With that, she would have left them, but they detained her, and with many soothing words and kind entreaties, besought her to consider what she did, and above all to repose more freely upon them, and say what weighed so sorely on her mind. Finding her deaf to their persuasions, Mr Haredale suggested, as a last resource, that she should confide in Emma, of whom, as a young person and one of her own sex, she might stand in less dread than of himself. From this proposal, however, she recoiled with the same indescribable repugnance she had manifested when they met. The utmost that could be wrung from her was, a promise that she would receive Mr Haredale at her own house next evening, and in the mean time reconsider her determination and their dissuasions—though any change on her part, as she told them, was quite hopeless. This condition made at last, they reluctantly suffered her to depart, since she would neither eat nor drink within the house; and she, and Barnaby, and Grip, accordingly went out as they had come, by the private stair and garden-gate; seeing and being seen of no one by the way.
It was remarkable in the raven that during the whole interview he had kept his eye on his book with exactly the air of a very sly human rascal, who, under the mask of pretending to read hard, was listening to everything. He still appeared to have the conversation very strongly in his mind, for although, when they were alone again, he issued orders for the instant preparation of innumerable kettles for purposes of tea, he was thoughtful, and rather seemed to do so from an abstract sense of duty, than with any regard to making himself agreeable, or being what is commonly called good company.
They were to return by the coach.

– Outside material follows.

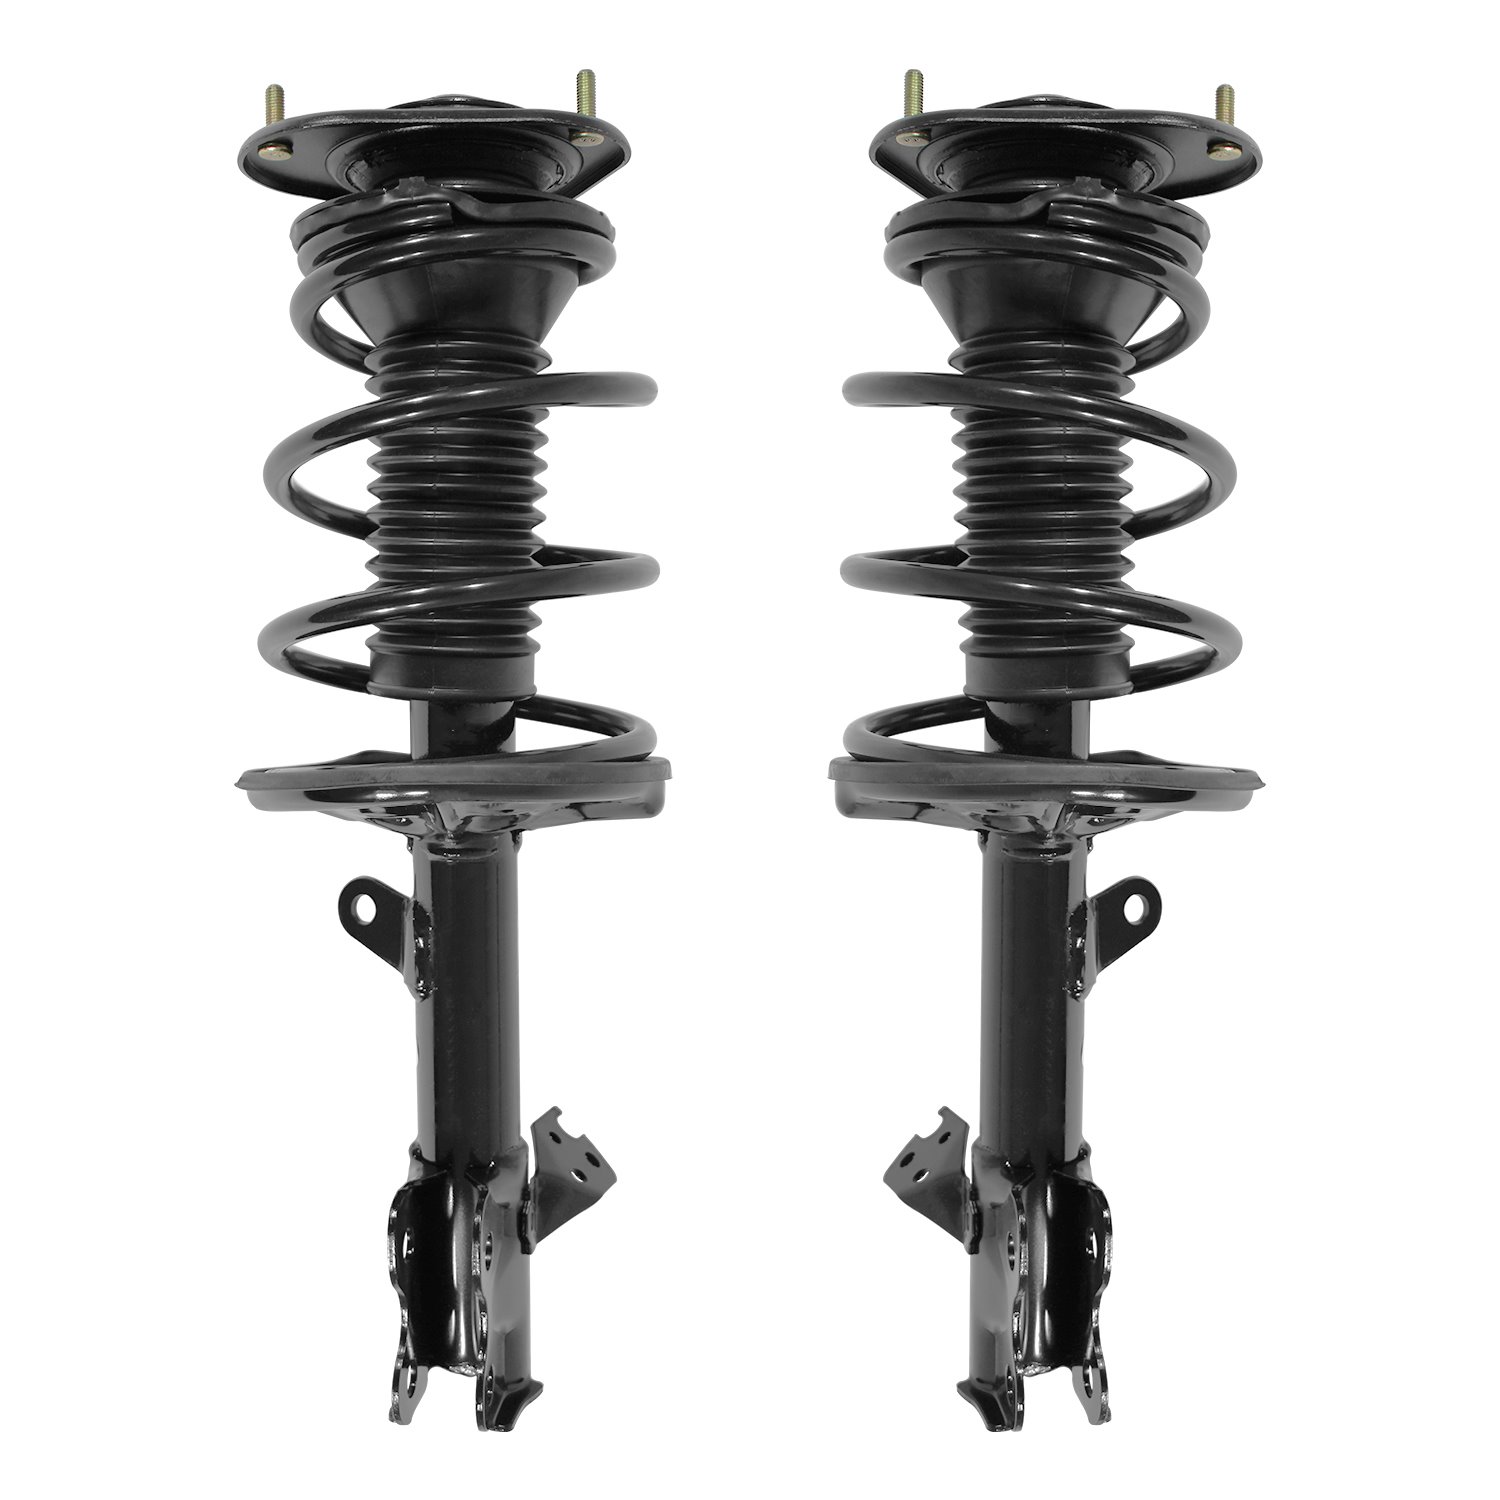 2-11963-11964-001 Suspension Strut & Coil Spring Assembly Set Fits Select Toyota Prius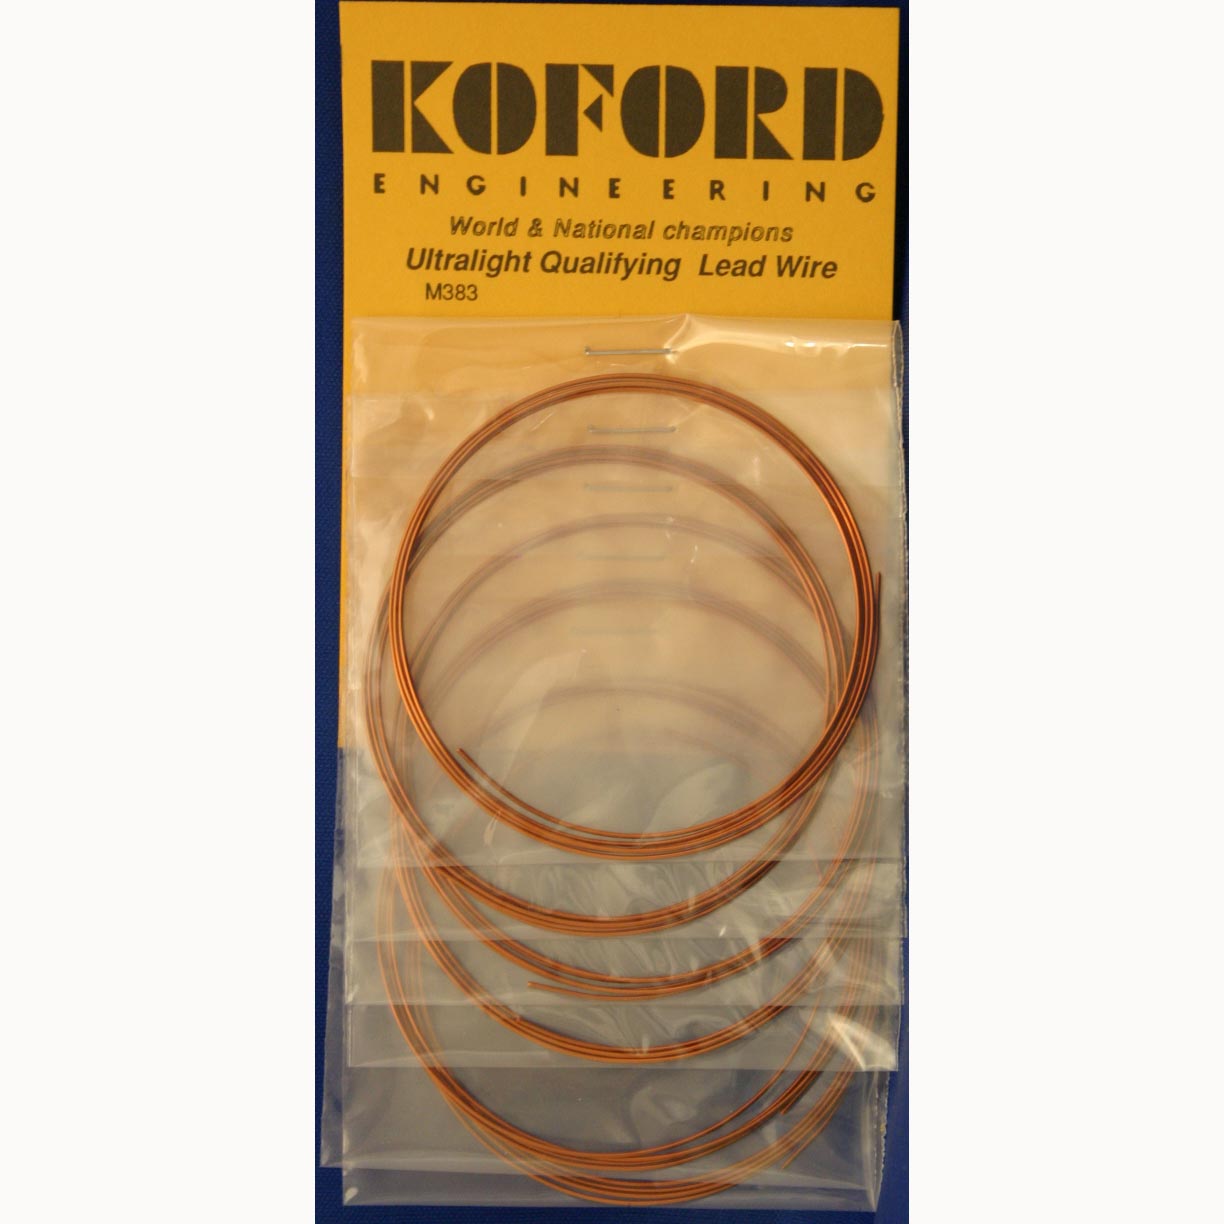 KOFORD ULTRALIGHT QUALIFYING WIRE

As there was an interval of full two hours before it started, and they needed rest and some refreshment, Barnaby begged hard for a visit to the Maypole. But his mother, who had no wish to be recognised by any of those who had known her long ago, and who feared besides that Mr Haredale might, on second thoughts, despatch some messenger to that place of entertainment in quest of her, proposed to wait in the churchyard instead. As it was easy for Barnaby to buy and carry thither such humble viands as they required, he cheerfully assented, and in the churchyard they sat down to take their frugal dinner.
Here again, the raven was in a highly reflective state; walking up and down when he had dined, with an air of elderly complacency which was strongly suggestive of his having his hands under his coat-tails; and appearing to read the tombstones with a very critical taste. Sometimes, after a long inspection of an epitaph, he would strop his beak upon the grave to which it referred, and cry in his hoarse tones, “I'm a devil, I'm a devil, I'm a devil!” but whether he addressed his observations to any supposed person below, or merely threw them off as a general remark, is matter of uncertainty.
It was a quiet pretty spot, but a sad one for Barnaby's mother; for Mr Reuben Haredale lay there, and near the vault in which his ashes rested, was a stone to the memory of her own husband, with a brief inscription recording how and when he had lost his life. She sat here, thoughtful and apart, until their time was out, and the distant horn told that the coach was coming.